**Task statement**: With the images removed, repeat the data below exactly.

**Exercise data**:
----------------------------------------

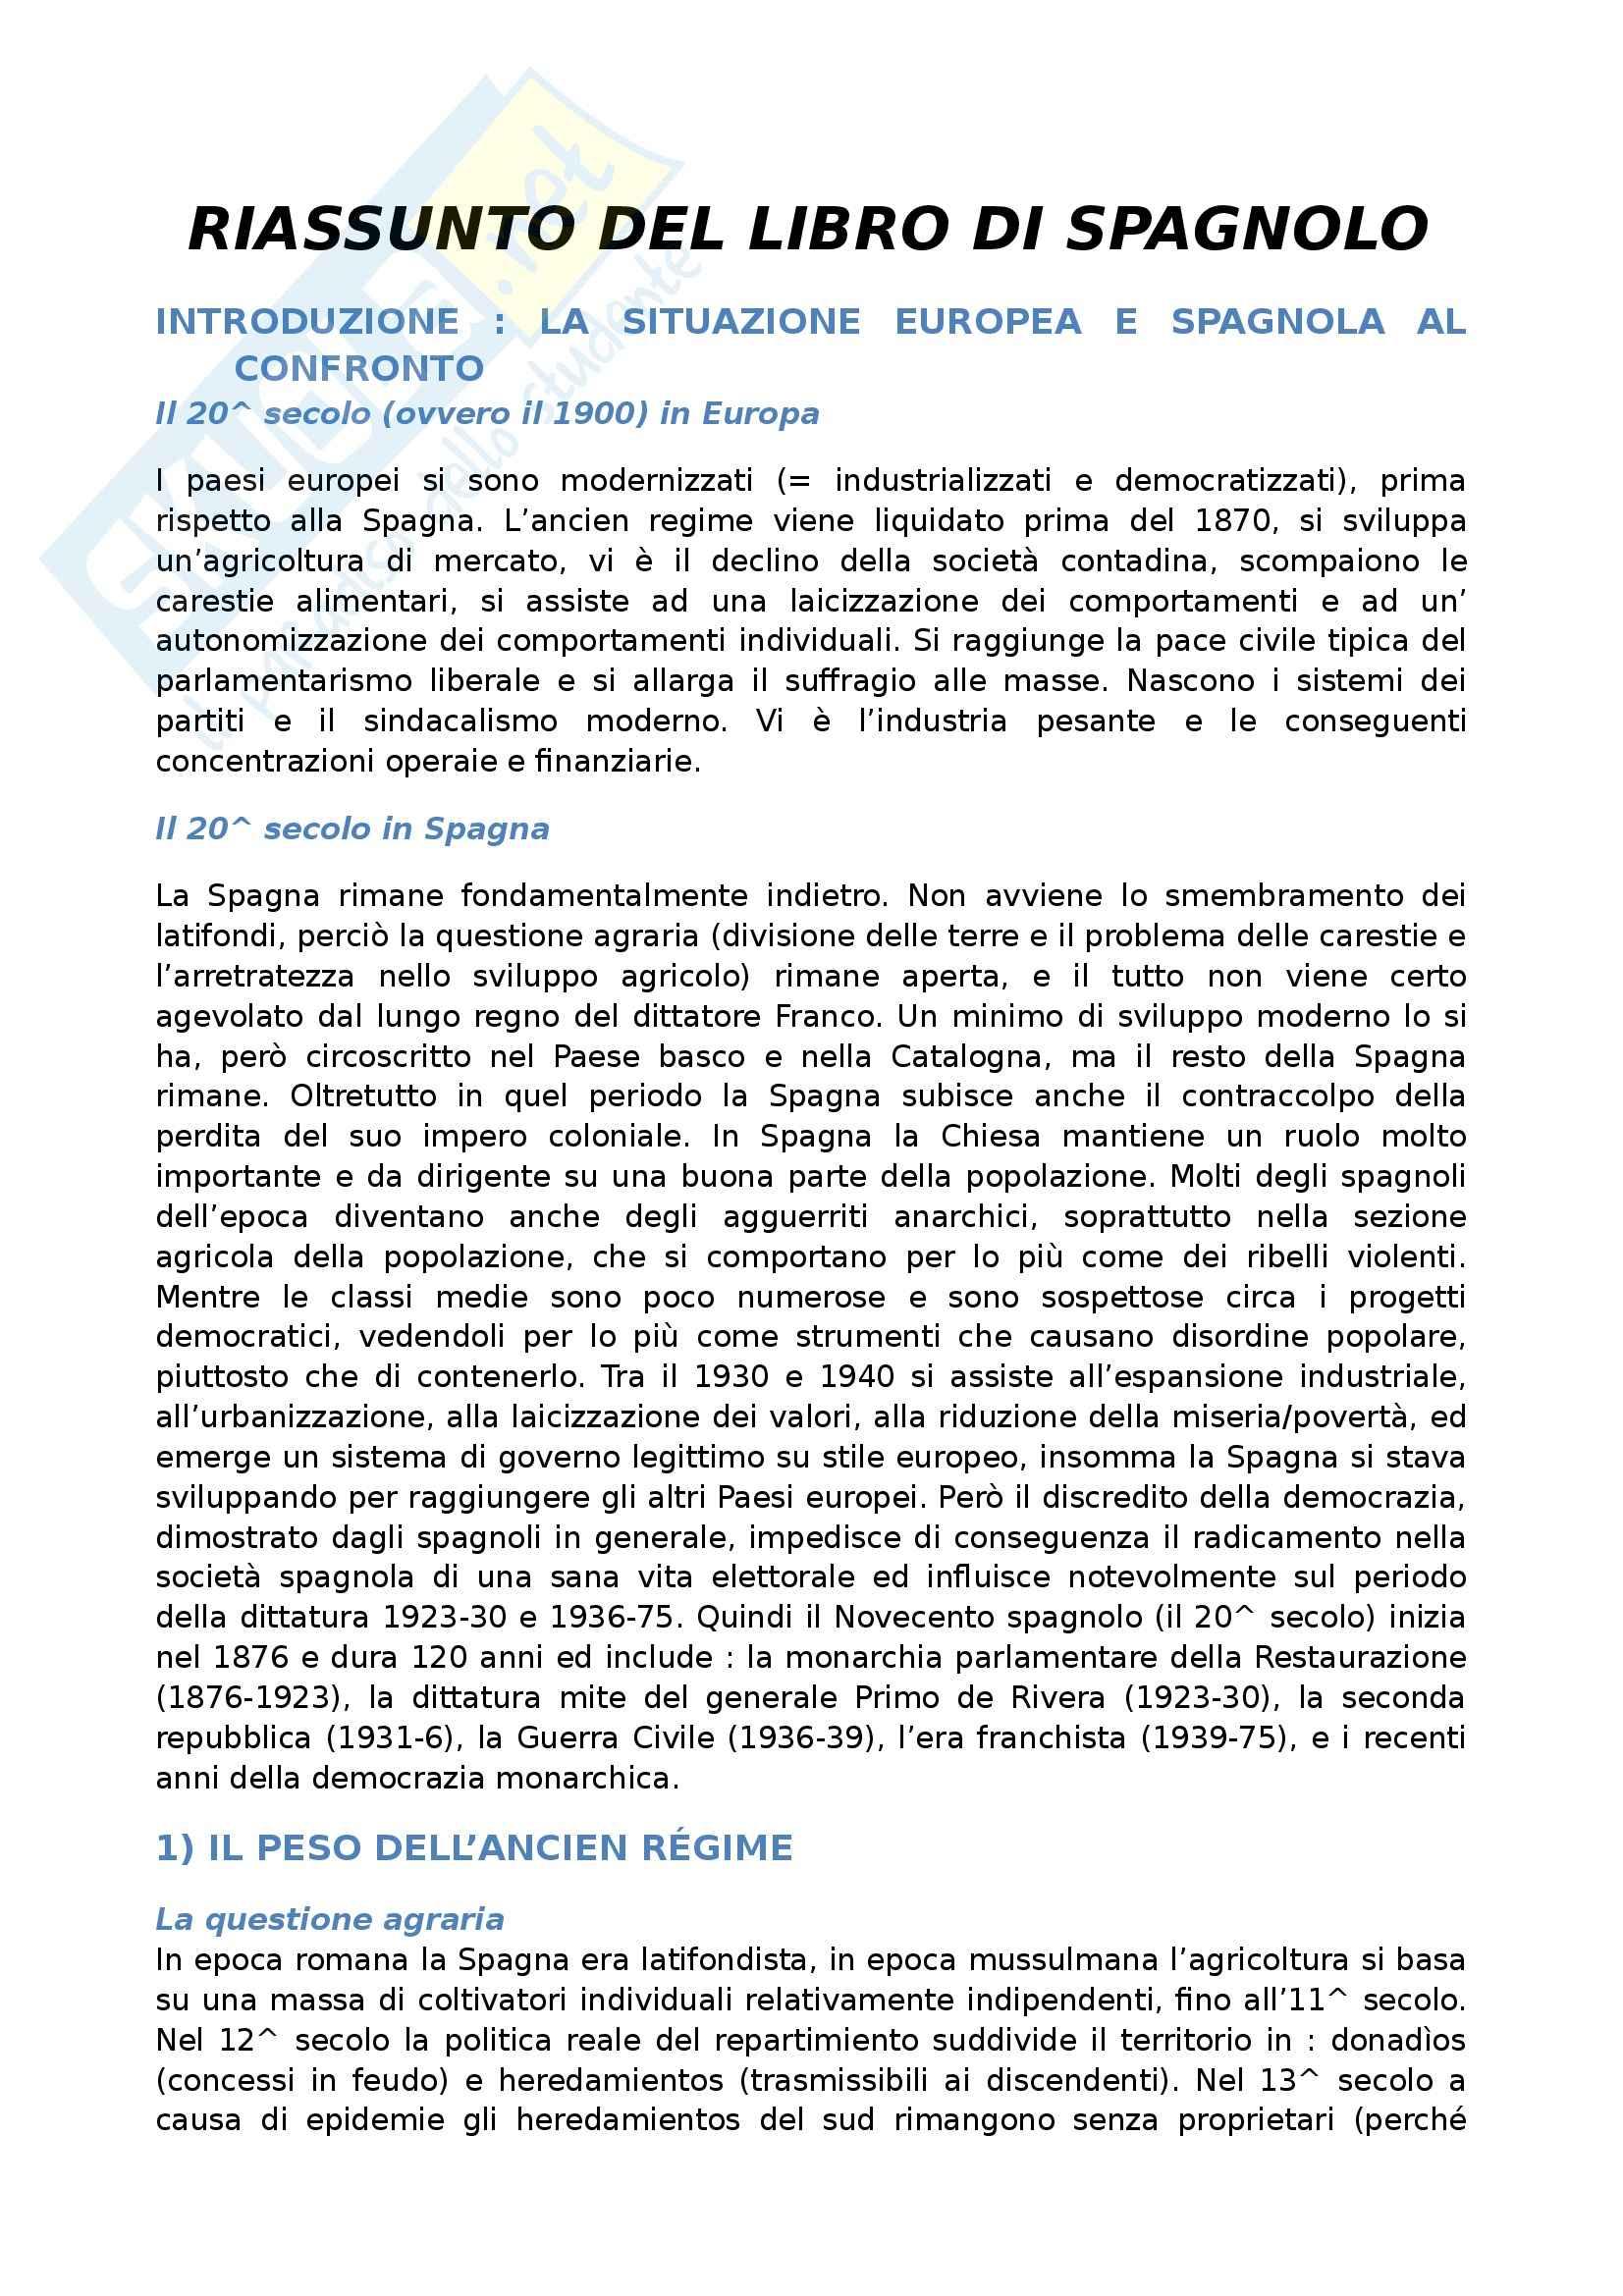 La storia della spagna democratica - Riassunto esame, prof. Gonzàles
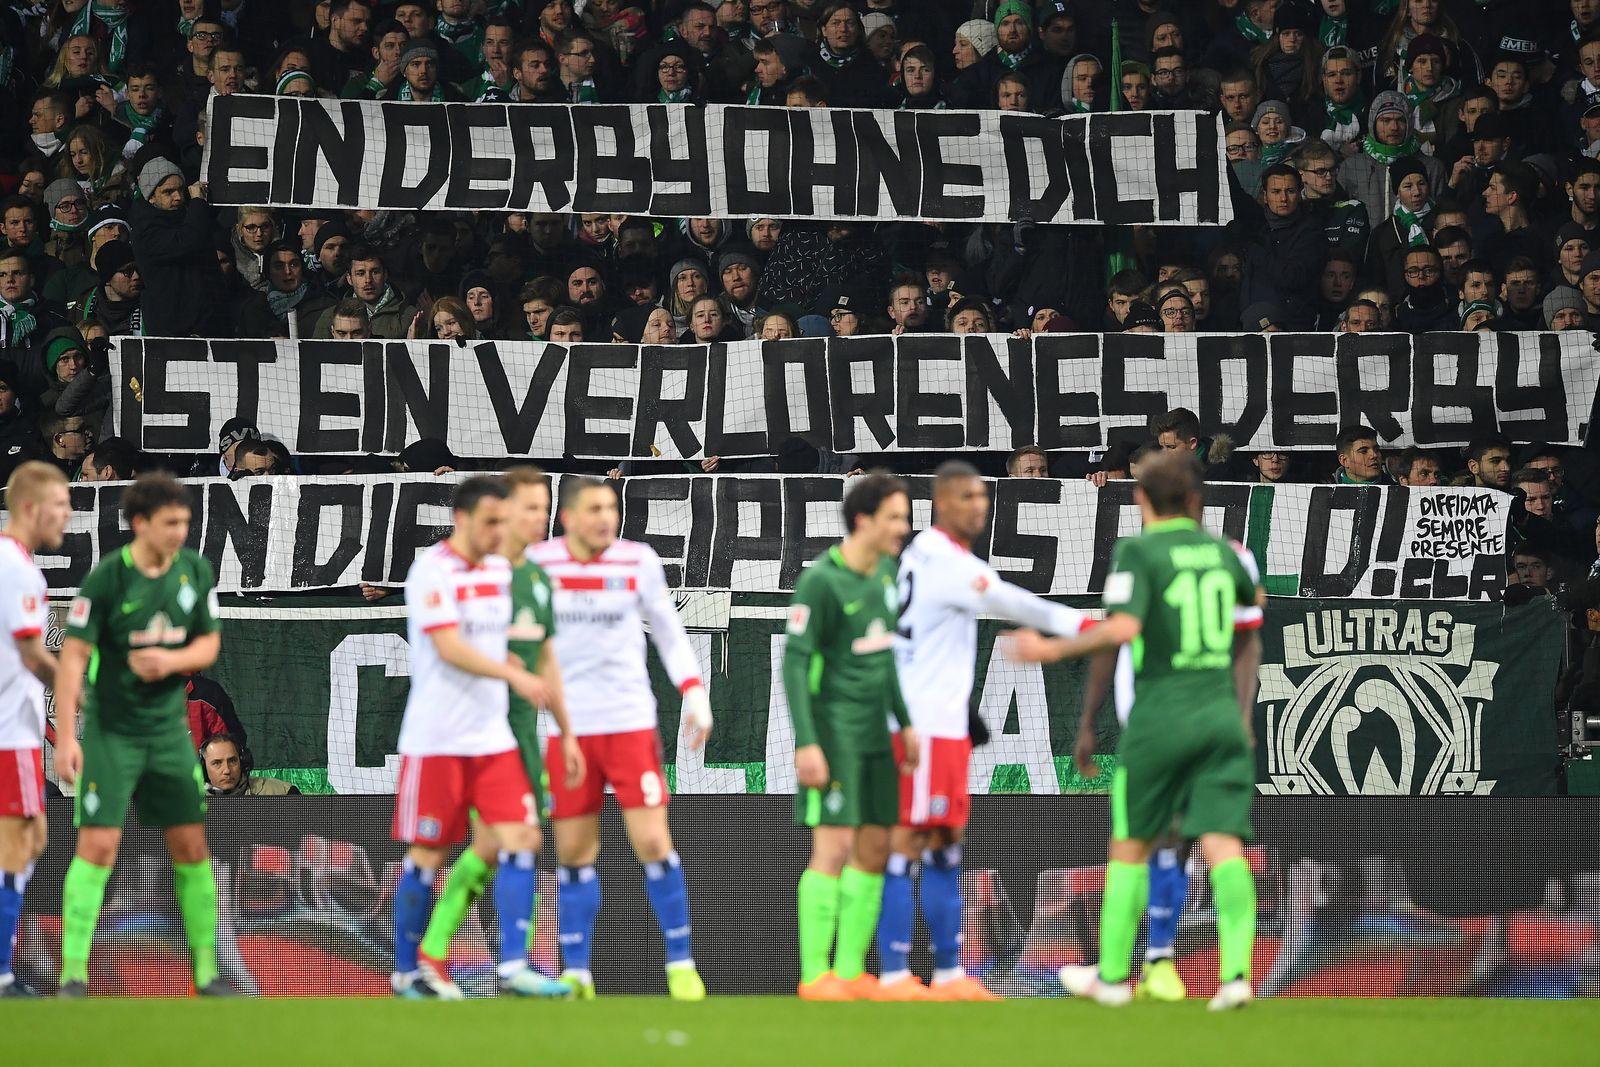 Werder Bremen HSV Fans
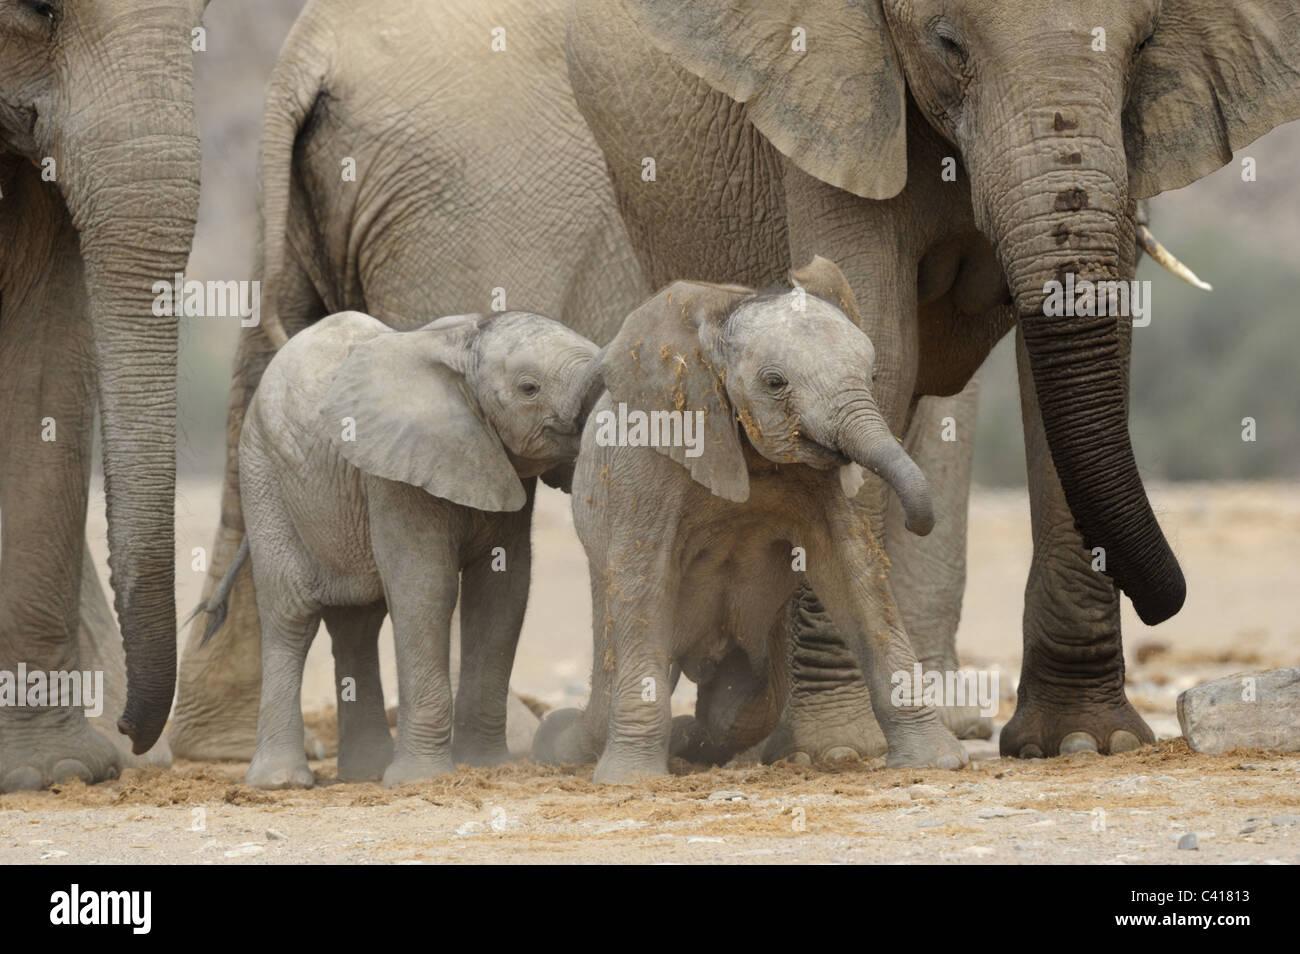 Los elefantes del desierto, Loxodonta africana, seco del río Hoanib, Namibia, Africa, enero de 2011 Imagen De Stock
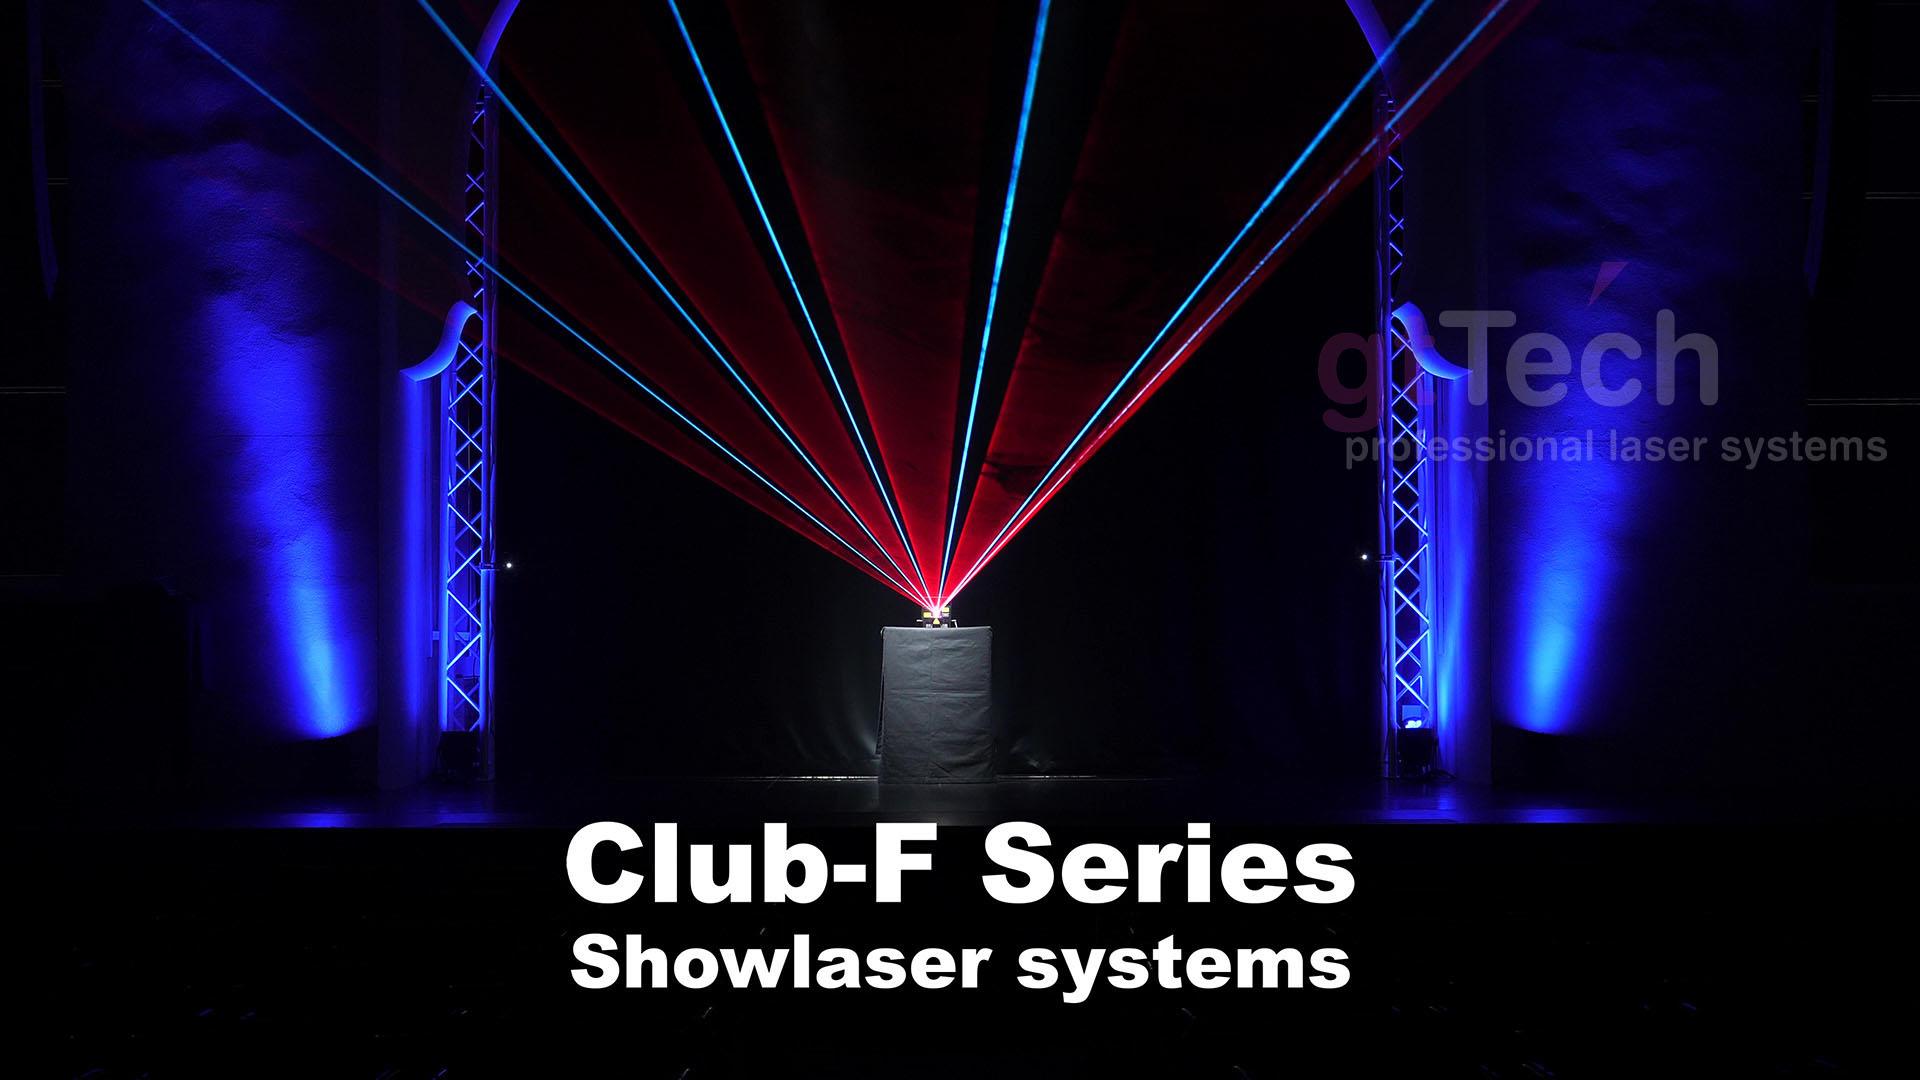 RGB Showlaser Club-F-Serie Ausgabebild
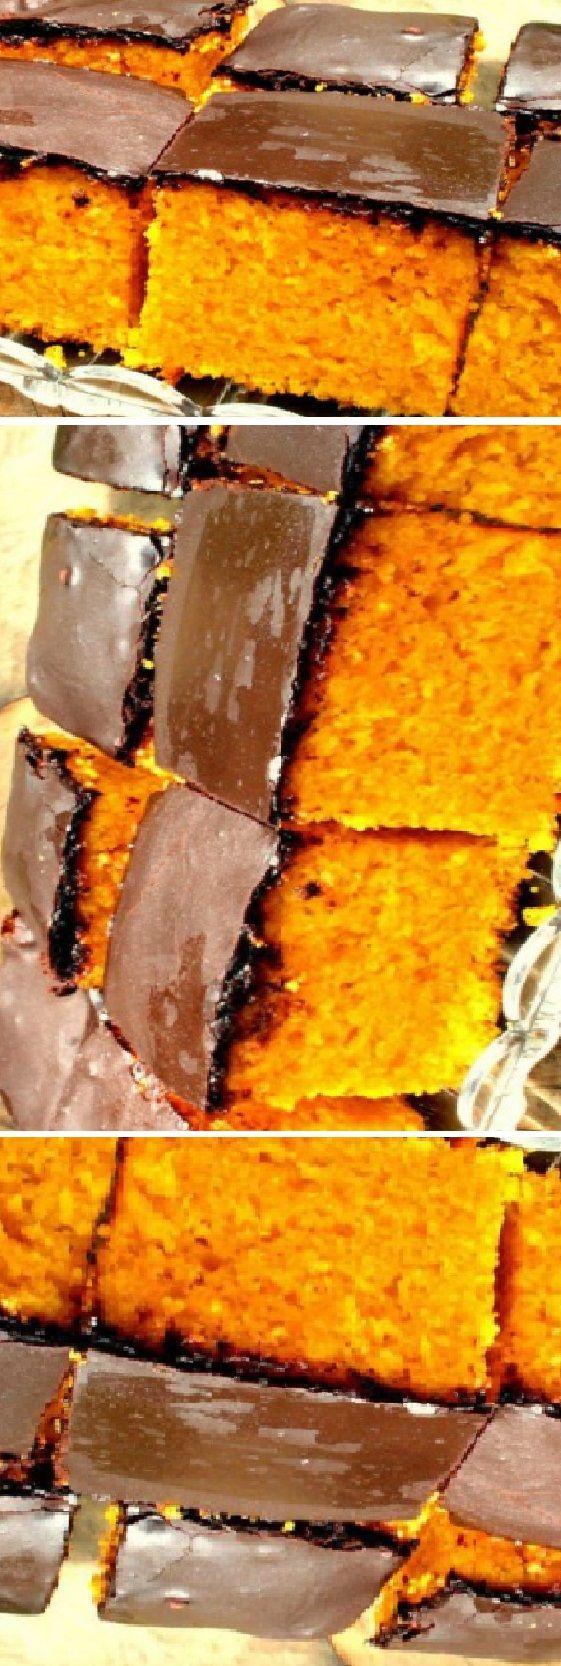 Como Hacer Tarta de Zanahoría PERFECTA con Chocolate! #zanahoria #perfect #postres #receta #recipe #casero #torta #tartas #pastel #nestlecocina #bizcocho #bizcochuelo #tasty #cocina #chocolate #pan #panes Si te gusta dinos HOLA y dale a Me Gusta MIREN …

----------------------------------------

**Response area**:
 La storia della spagna democratica - Riassunto esame, prof. Gonzàles
 Werder Bremen HSV Fans
 Los elefantes del desierto, Loxodonta africana, seco del río Hoanib, Namibia, Africa, enero de 2011 Imagen De Stock
 RGB Showlaser Club-F-Serie Ausgabebild
 Como Hacer Tarta de Zanahoría PERFECTA con Chocolate! #zanahoria #perfect #postres #receta #recipe #casero #torta #tartas #pastel #nestlecocina #bizcocho #bizcochuelo #tasty #cocina #chocolate #pan #panes Si te gusta dinos HOLA y dale a Me Gusta MIREN …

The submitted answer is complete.